I am not the first person to take in interest in the role of the audience in the relationship between popular culture and world politics. Indeed, Jason Dittmer and Kyle Grayson have both written blogs on E-IR that talk about the potential of audience studies. Dittmer reminds us that ‘popular culture is a doing. It is what we do, in common, with others’. Nor am I the first person to be interested in studying television audiences. There is a considerable body of literature to draw upon from Cultural Studies and from Television Studies. This branch of audience studies sought to move away from the simple model of television as an all-powerful distributor of dominant meanings, one that assumed the audience were passive, undiscriminating, and homogenous. Much of this work builds on the encoding/decoding model of Stuart Hall. According to Hall’s model, the meaning of a text is formed through both the encoding of the text in its production and the decoding practices of readers. The text cannot fully control its final meaning because different people will read it differently, drawing on their own various cultural, social and personal situations. Hall theorised this in terms of codes, whereby readers can read in line with the text (which Hall called a hegemonic position); they can take a negotiated code, where they have some opposition to the preferred meaning; or they can take an oppositional reading, where they read against the text. This is the model of the active audience, who do not simply passively absorb television. This prompted a range of audience studies in the 1980s and early 1990s, with analyses of the series Dallas being particularly fecund.
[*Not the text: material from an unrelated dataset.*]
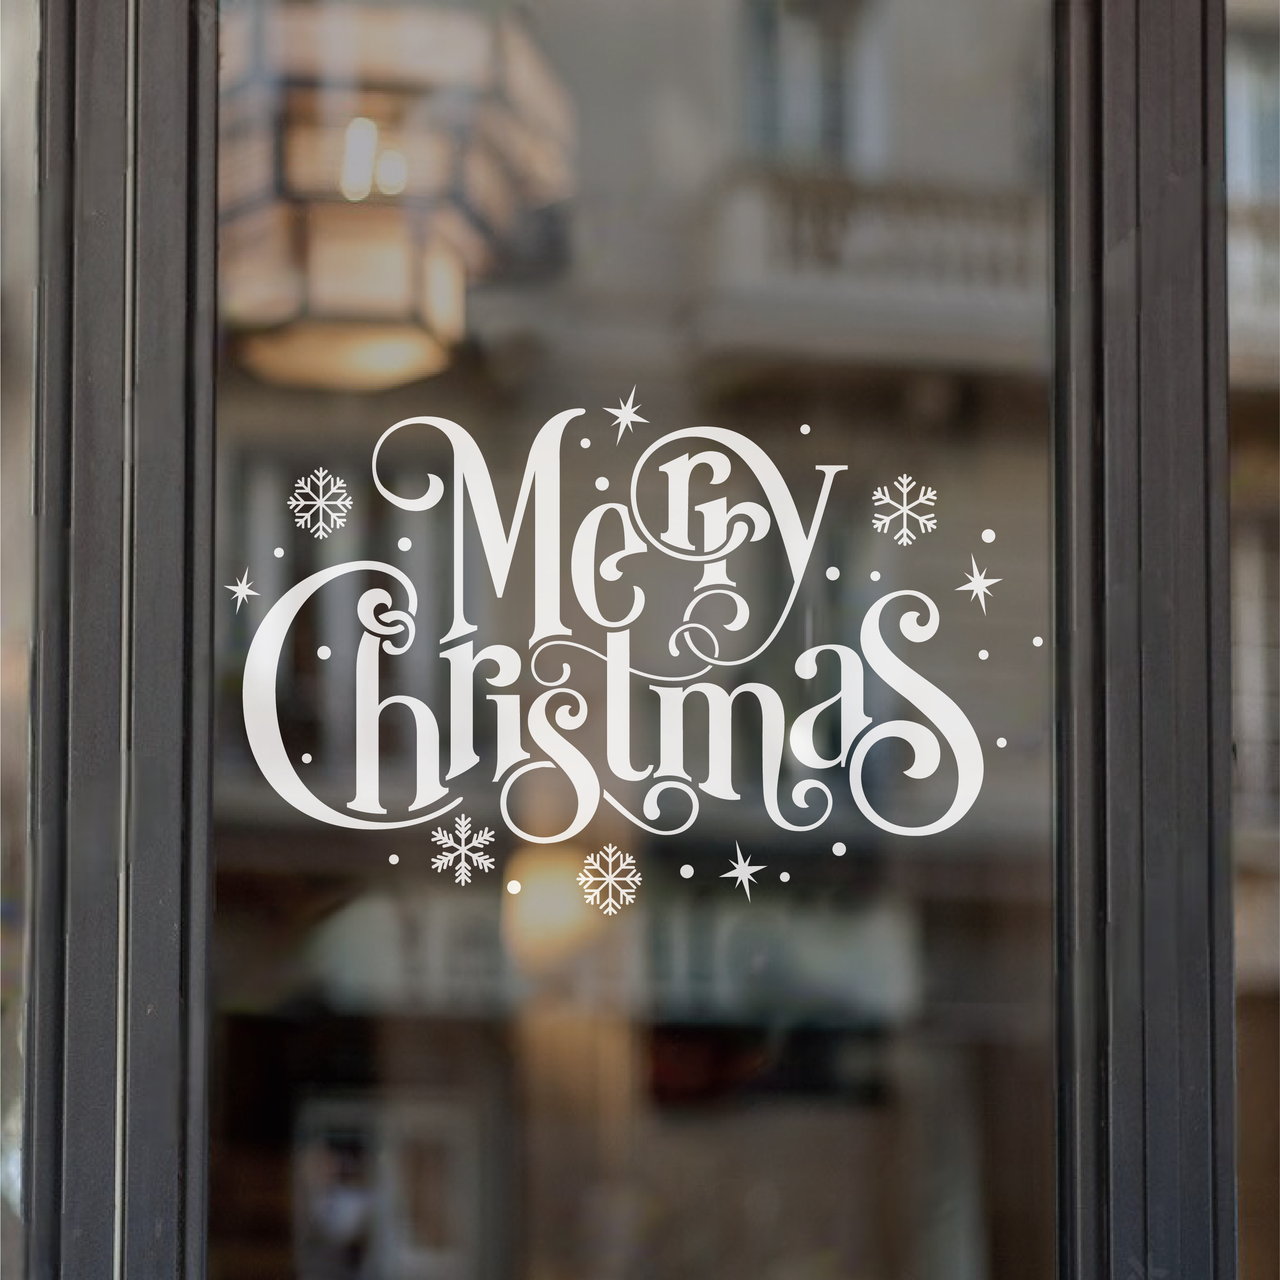 Merry Christmas - Festive Window Decal

Although this branch of reception studies has become established within Cultural Studies, this work has not yet been integrated with Security Studies, though it has much to offer in the understanding of how security becomes meaningful, discourses of terrorism become dominant, and in/security discourses relate to people’s lives.

To explore the audience interaction with the meaning in Homeland, I held focus groups with people who had watched the show. In these pizza-fuelled discussions, we talked about the show, their thoughts on the representations of the CIA, terrorists, race, gender, the main characters, and how they relate the show to political events. Unsurprisingly, the people I spoke to had different and complicated thoughts about the show. Yes, some people thought the CIA was portrayed sympathetically and found themselves siding with the difficult decisions made by Carrie Mathison (Claire Danes) and her colleagues, whilst others thought that the CIA came across badly, and reflected on the problematic nature of surveillance and drones. Yes, some viewers talked about the evils of terrorism and the tropes used in the show of the vulnerable individual ‘turned’ to terrorism by an evil and calculating terrorists, but some participants showed a level of sympathy for the terrorist violence in the show that was outside my reading of the show, and in fact, two participants said that they hoped the terrorist would go through with his plot to kill the vice-president. There were examples in my focus groups or times that the viewers challenged racist depictions in the show, or reflected in the representation of Islam. This matters because it shows how meaning and messages are negotiated by viewers. They don’t always accept all of the meaning that is implied in a show – although, of course, their thoughts and reflections on terrorism are shaped by it. What this means is that studies which are interested in how popular culture creates meaning for world politics can be strengthened by an interaction with audience interpretations of the text.

This shows how, in the words of Jutta Weldes, ‘Consumption is inextricably linked to the production and re-production of meanings – the maintenance of some, the transformation of others (whether through subversion, overt challenge or gradual change)’. Paying attention to the way that meaning is negotiated can contribute to our understanding of the relationship between popular culture and world politics. It shows how popular culture can act as site where political meaning is constituted, but also challenged. It shows how taking on learning, methods and theories from other disciplines that also engage with culture, meaning and identity can add to the development of popular culture and world politics as a discipline.